The Tercero River (Río Tercero, 'Third River'), also known as Ctalamochita, is a river in Córdoba Province of Argentina.

It originates in the Sierras de Córdoba near Cerro Champaquí and Calamuchita Valley, in an area of annual precipitation of between 600 and 1000 mm. Leaving the valley, it reaches the plains where four dams have been constructed, called Cerro Pelado Dam, Arroyo Corto Dam, Embalse Río Tercero — with 54.3 km2 built in 1936 — and Piedras Moras, which serve as flow regulators and produce hydroelectricity.

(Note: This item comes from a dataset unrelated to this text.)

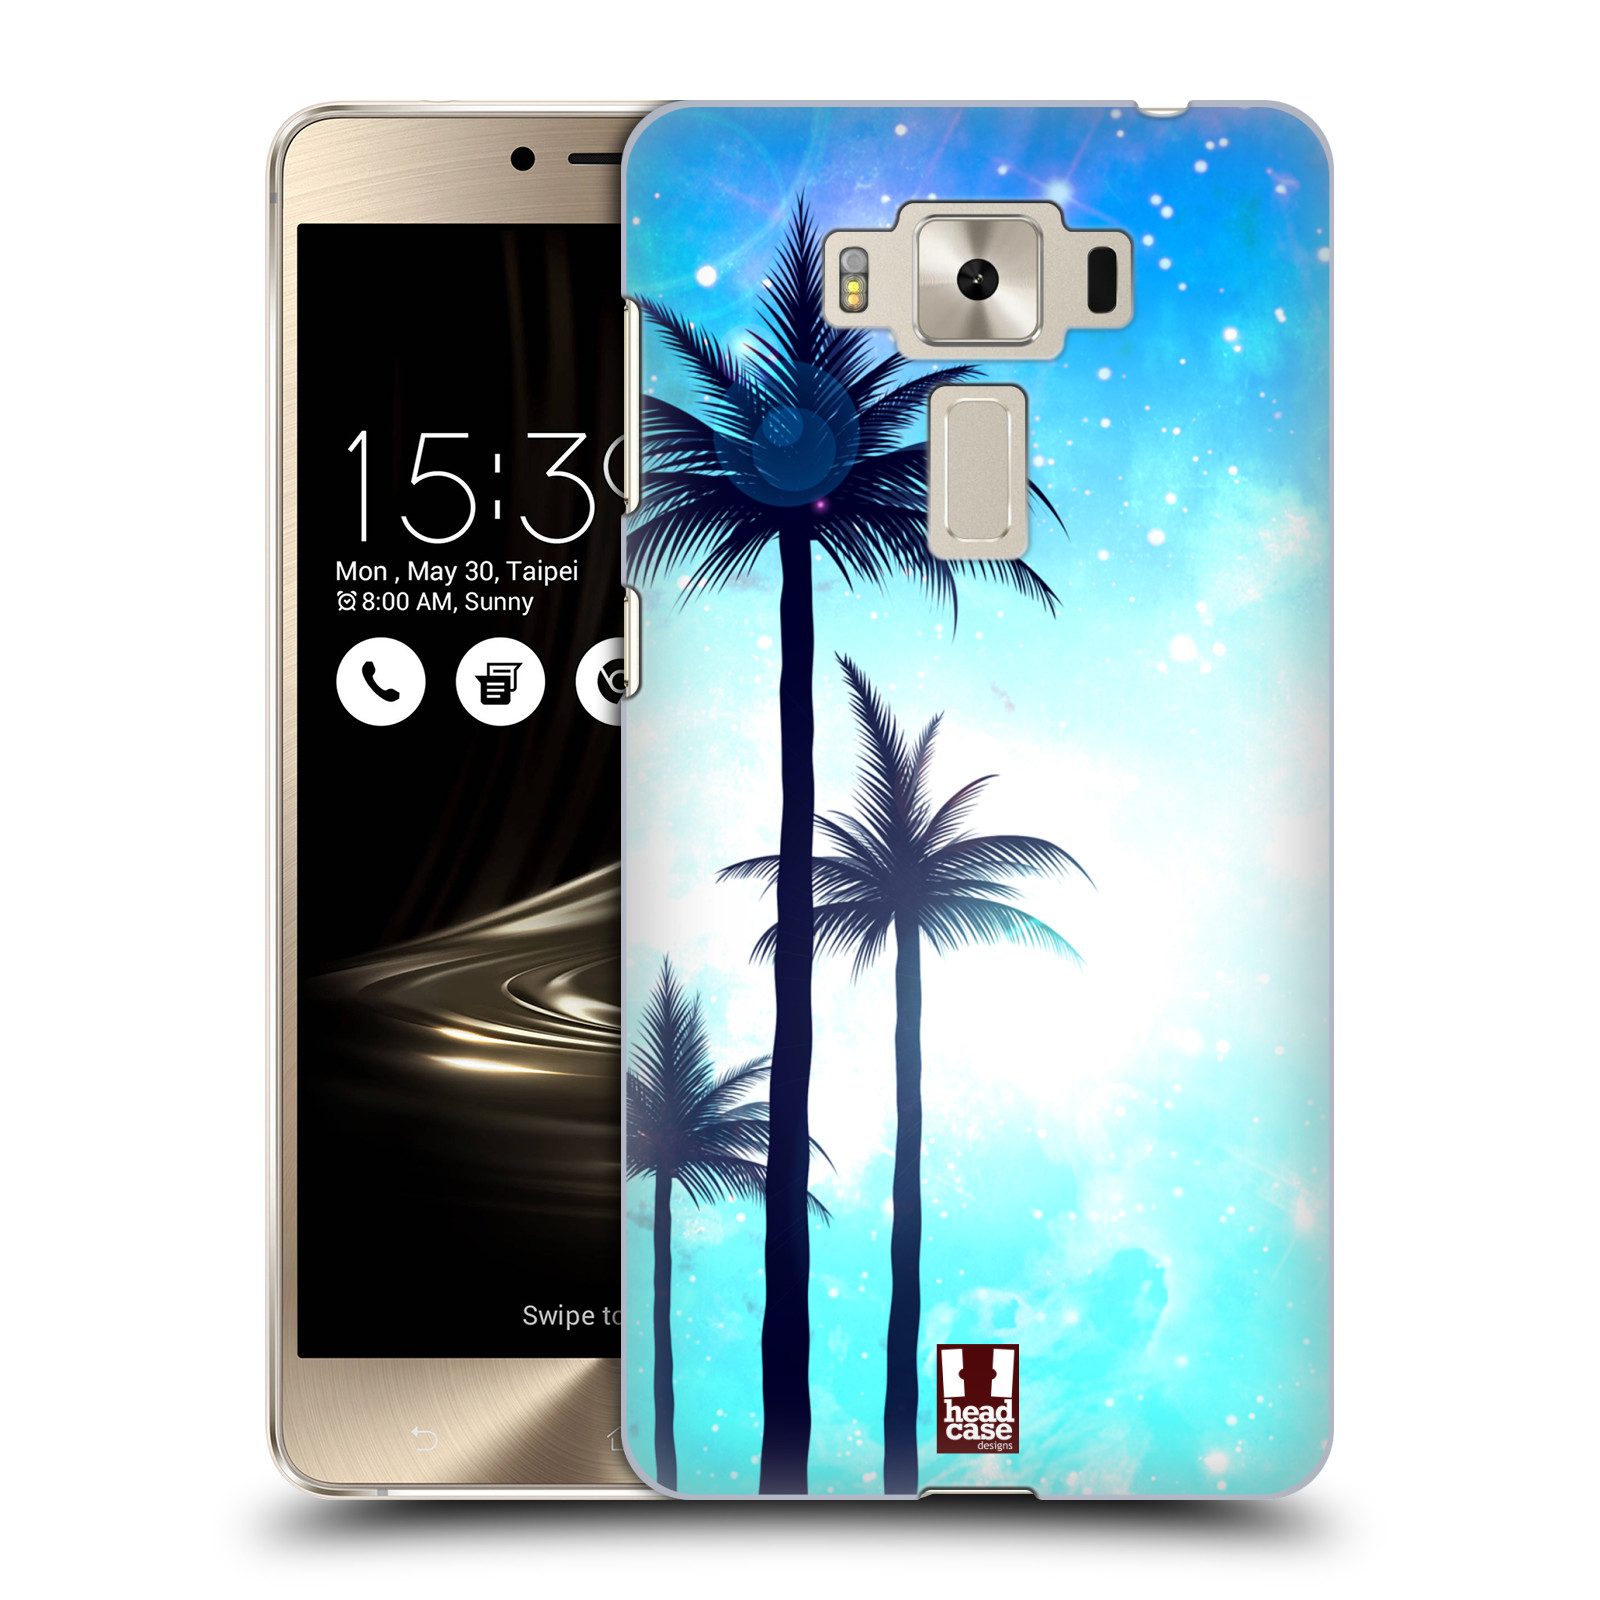 HEAD CASE plastový obal na mobil Asus Zenfone 3 DELUXE ZS550KL vzor Kreslený motiv silueta moře a palmy MODRÁ

The reservoirs created by the dams are also used for tourism and recreation, including water sports and fishing.

It has a water flow of 27.17 m3/s, and flows 307 km before reaching the Carcarañá River.

The river navigable for small- to medium-sized boats as it flows through the plains. It flows eastward into the Humid Pampas, which has an average rainfall of 730 mm per year. It joins the Saladillo River (also called the Cuarto River) to form the Carcarañá River, a tributary of the Paraná River.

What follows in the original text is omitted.